Дзержин посмотрел на меня, и другие последовали его примеру. Даже Звездоний, боясь опустить голову, как-то ее слегка развернул и посмотрел на меня по-птичьи.
– А что? – сказал Смерчев. – По-моему, идея хорошая. Продуктивная.
– Да глупости это, – возразил я устало. – Кто ж это станет засаливать человека? Он же не огурец и не свинина.
– Ну это я просто так, – сказал Дзержин. – Это я сказал как бы в порядке бреда. Ну можно чего-нибудь другое придумать. Допустим, его заморозили, в сейф положили, а там дырка, он разморозился и протух. Короче говоря, всякие варианты могут быть. Тебе лучше видно, ты ж художник.
В это время Искра глянула на меня, и я понял, что она категорически против таких поправок. Может быть, если б не этот ее взгляд, я бы и уступил. А так…

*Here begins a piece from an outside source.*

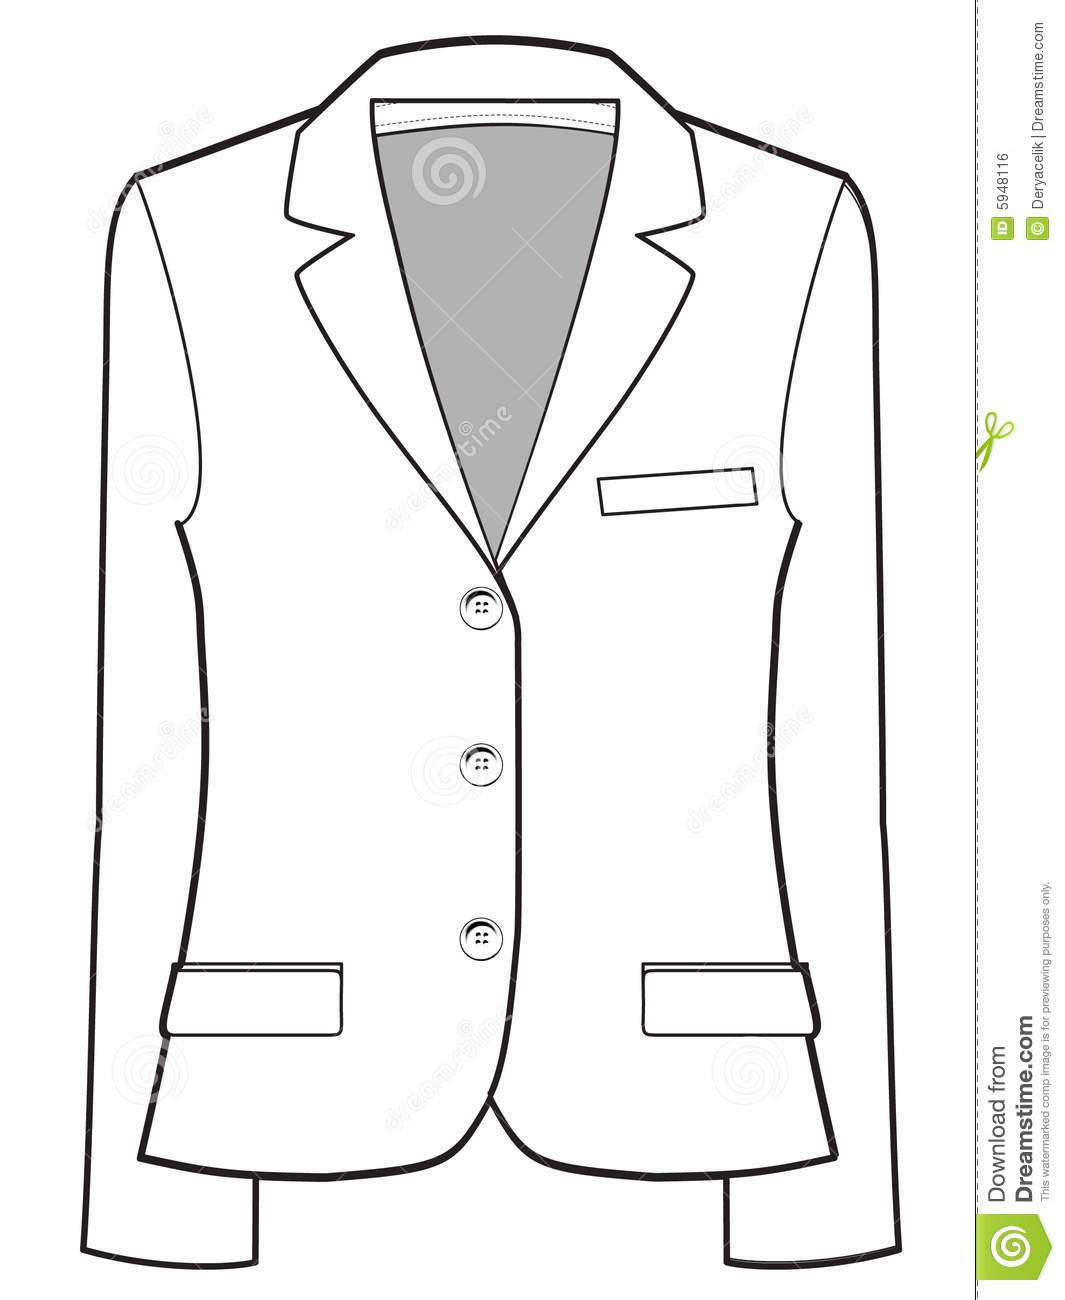 Jacket Vector Illustration Royalty Free Stock Image   Image  5948116

– Нет, – сказал я, чувствуя, что минута слабости прошла. – Нет, такого не будет. И вообще, раз вы так со мной разговариваете, я с вами никаких дел больше иметь не хочу. Не надо мне ни юбилеев ваших, ни почестей. Я вот только дождусь своего космоплана и уеду к себе обратно в Штокдорф.
– Без визы? – зажимая нос, с любопытством прогнусавил Звездоний.
– Без какой еще визы? – спросил я настороженно.
– Ну как же, – улыбнулся Смерчев. – У нас же существуют определенные правила пересечения границ. У нас без визы нельзя. У нас даже для того, чтобы выехать в Первое Кольцо, куда-нибудь, понимаете, допустим, в Калужскую область, и то виза нужна.
Так это, – махнул я рукой, – касается ваших комунян. А я не только не комунянин, я даже советского гражданства вот уже шестьдесят лет с лишним лишен. И вообще я не ваш.
При этих моих словах все члены Пятиугольника как-то странно переглянулись, а Коммуний Иванович улыбнулся, широко развел руки и, называя меня моим человеческим именем, удовлетворенно сказал:
– Нет, Виталий Никитич, вы наш. Ведь мы вас реабилитировали.